Updating DNS for IPA Replicas#
After you have configured a new IPA replica, you should update your DNS entries so that IPA clients can discover the new server. For example, for an IPA replica with a server name of $HOST, you should add the following entries to your zone file:
_ldap._tcp IN SRV 0 100 389 $HOST
_kerberos._tcp IN SRV 0 100 88 $HOST
_kerberos._udp IN SRV 0 100 88 $HOST
_kerberos-master._tcp IN SRV 0 100 88 $HOST
_kerberos-master._udp IN SRV 0 100 88 $HOST
_kpasswd._tcp IN SRV 0 100 464 $HOST
_kpasswd._udp IN SRV 0 100 464 $HOST
_ntp._udp IN SRV 0 100 123 $HOST
Managing Multi-Master Replication#
You can use the ipa-replica-manage
command to manage certain aspects
of replication between IPA servers. This includes listing, adding, and
deleting replication agreements, and also performing manual replication
initialization and updates.
Initialization is typically only required when you first set up replication, or if a problem arises that causes replication to fail. Initialization erases all data on the target replica and re-copies all data from the master. That is, it completely destroys the database on the consumer and rebuilds it with data from the master.
Sending updates is the regular incremental replication protocol.
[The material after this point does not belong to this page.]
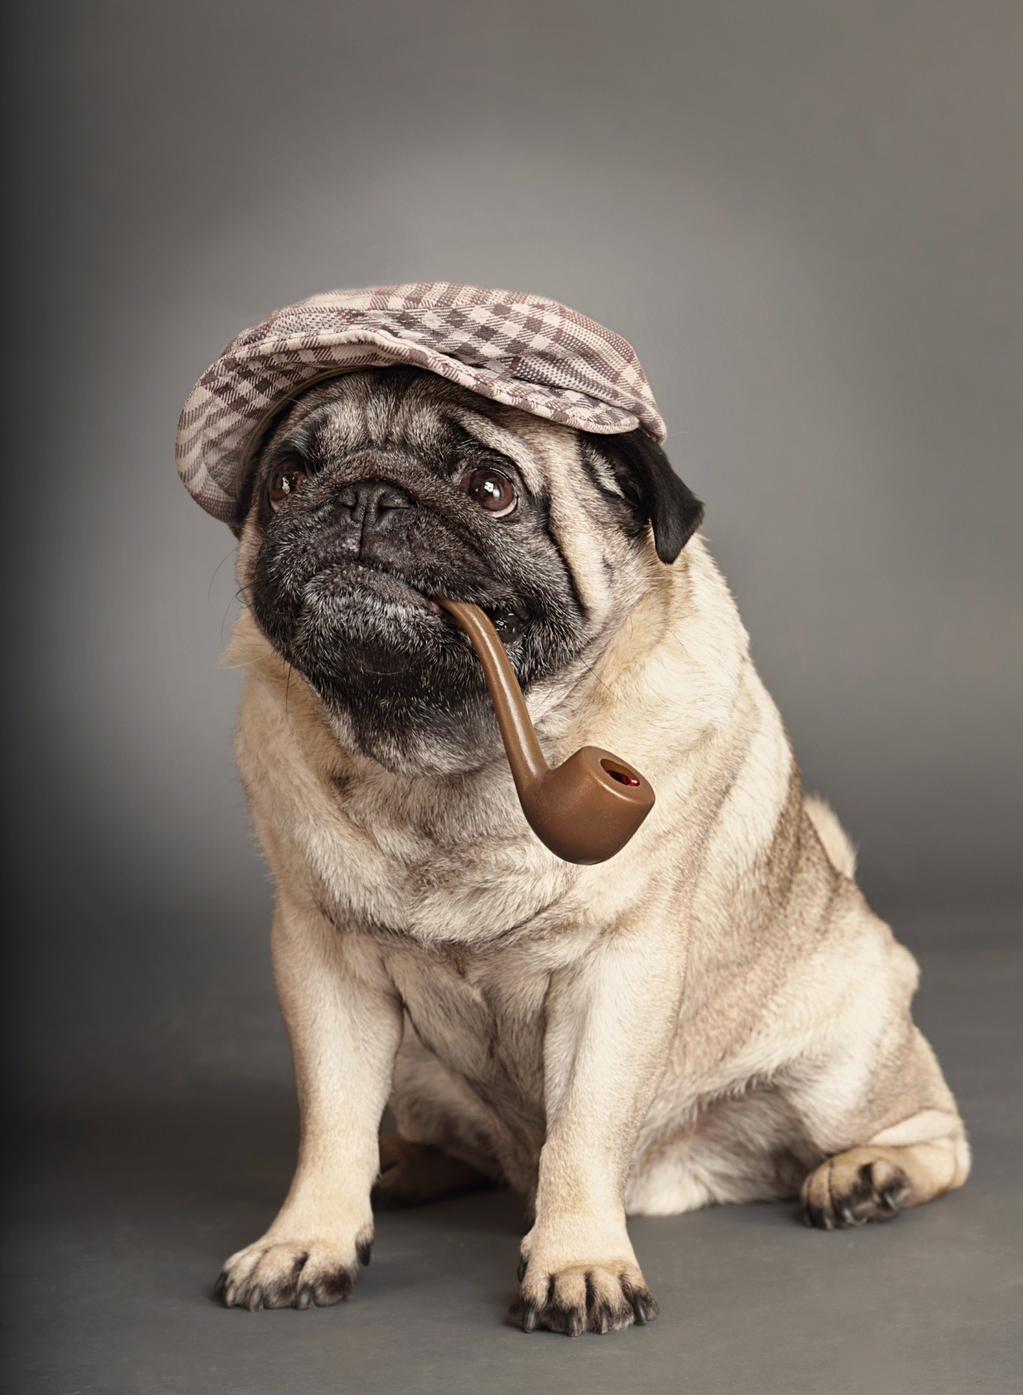 Pug Time On Brachycephalic Pinterest Pugs Dogs And Pets

Typically, this is not needed because the server sends changes when required, provided that the replication agreement schedule allows it.
Refer to the ipa-replica-manage
man page for a full description of
the available options.
Note:
There is no WebUI facility for managing IPA replicas. You need to use the command line.
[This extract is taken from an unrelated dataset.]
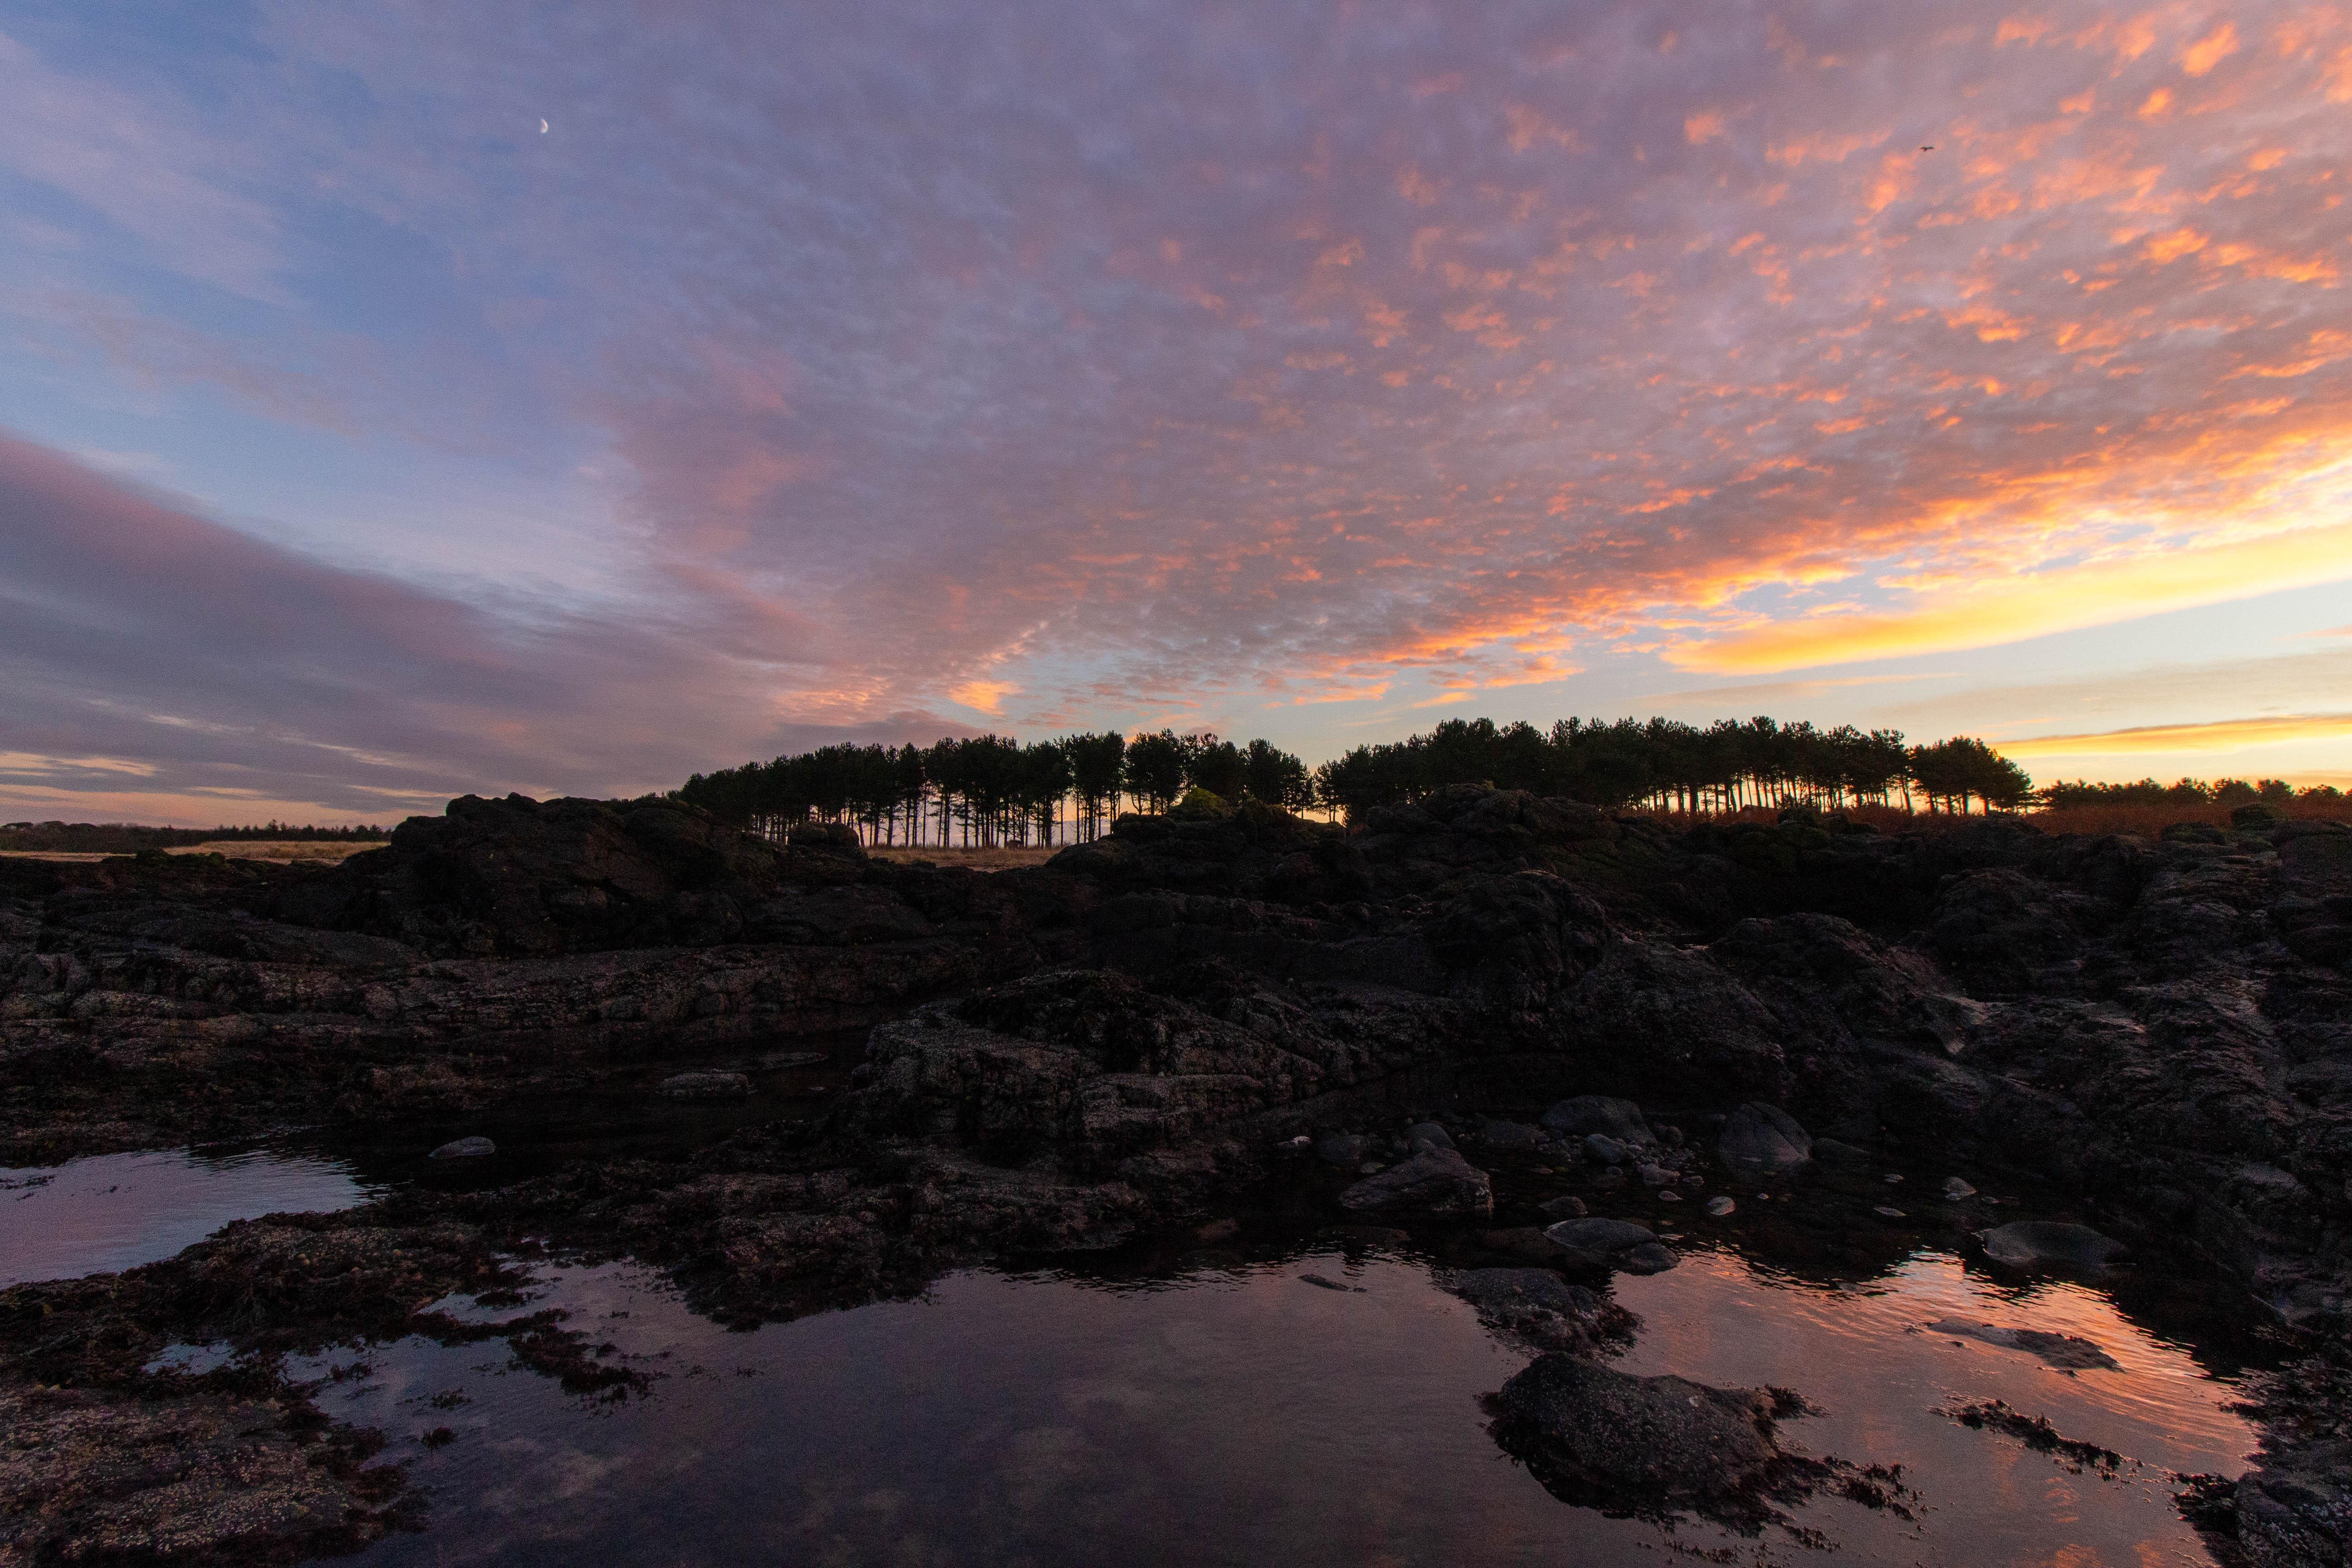 Purple sunset at Yellowcraig Beach, East Lothian

Refer to the Managing Replication section of the Red Hat Directory Server Administration Guide for information about managing replication.
Troubleshooting Multi-Master Replication#
Refer to the following sections in the Red Hat Director Server Administration Guide for information about troubleshooting replication:
Running IPA in a Virtual Host#
If you have a standard Apache instance running on port 80, you can configure IPA to run on a secondary port, for example 8089. You should be aware, however, that running IPA in this configuration does not use SSL; all requests will go over standard HTTP.
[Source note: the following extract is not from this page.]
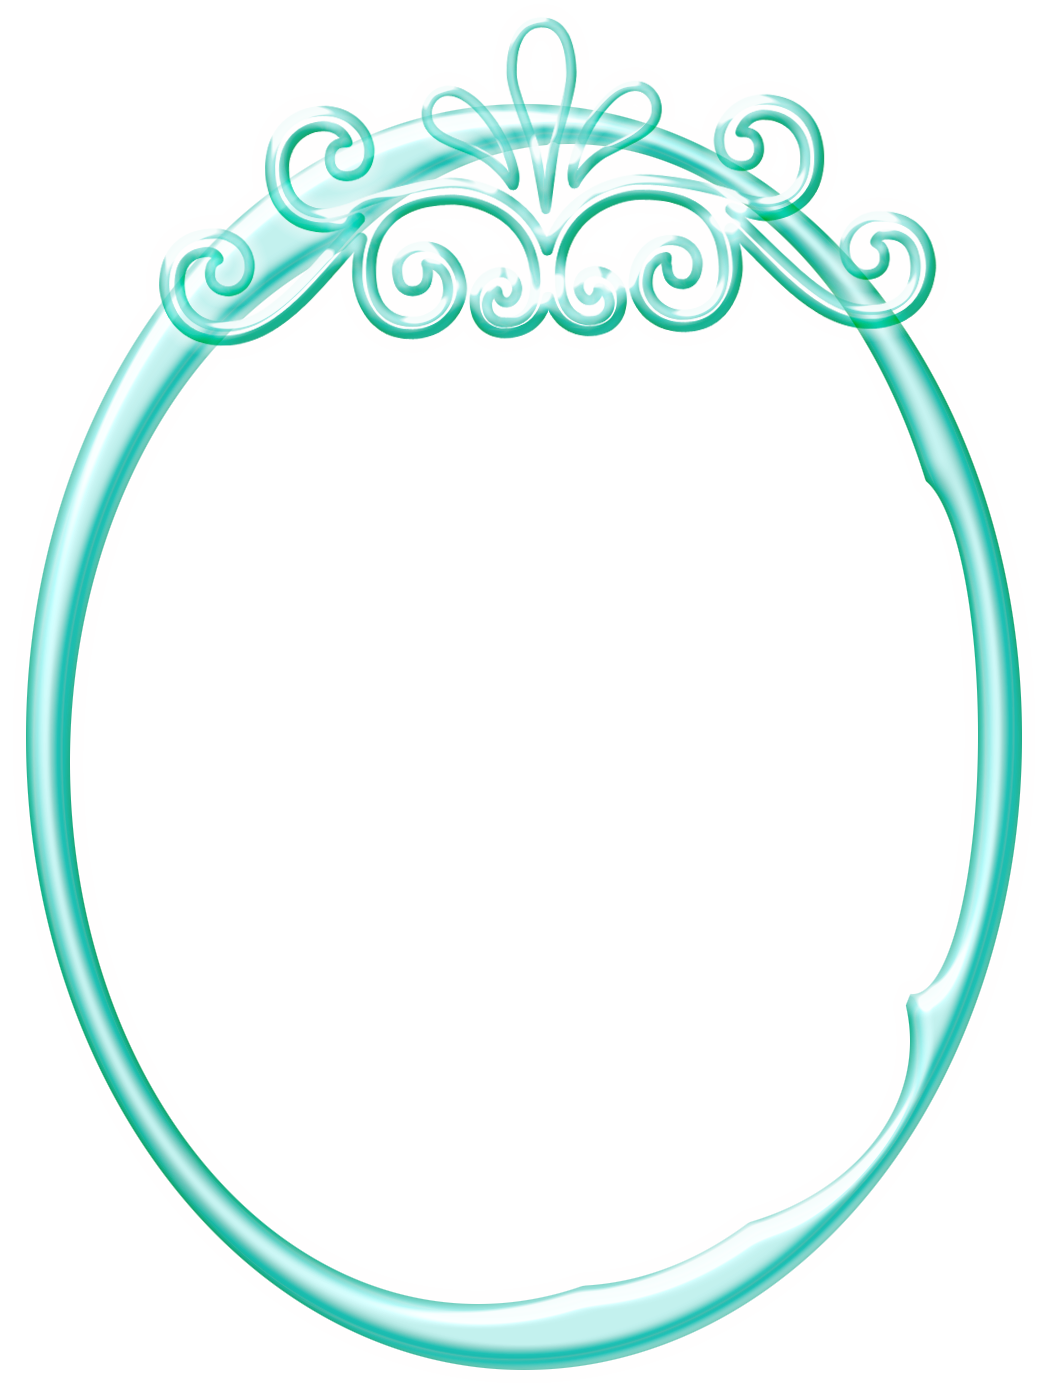 Frame moldura azul png. Clipart frames teal

Converting Your IPA Configuration to run as a VirtualHost#
The following procedure assumes you already have IPA configured to run on port 80, and wish to move it to a different port.
Log in as the root user.
2. Edit the /etc/httpd/conf.d/ipa.conf
file. Add the following three
lines to the top of the file:
Listen 8089
NameVirtualHost *:8089
<VirtualHost *:8089>
Add the following line to the end of the file:
</VirtualHost>
This wraps the entire IPA configuration in a VirtualHost, and ensures that Apache is listening to that port.
Note:
You can not use port 8080. This port is used by the ipa_webgui service.
4. Comment out the following rewrite rules from the
/etc/httpd/conf.d/ipa.conf
file:
----------------------------------------------------------------------
# Redirect to the fully-qualified hostname. Not redirecting to secure
# port so configuration files can be retrieved without requiring SSL.
RewriteCond %{HTTP_HOST} !^host.foo.com$ [NC]
RewriteRule ^/(.*) http://host.foo.com/$1 [L,R=301]
# Redirect to the secure port if not displaying an error or retrieving
# configuration.
RewriteCond %{SERVER_PORT} !^443$
RewriteCond %{REQUEST_URI} !^/(errors|config|favicon.ico)
RewriteRule ^/(.*) https://host.foo.com/$1 [L,R=301,NC]
---------------------------------------------------------------------
Reload the httpd service.
# service httpd reload
IPA should now be running on port 8089, leaving port 8080 free for your normal web site.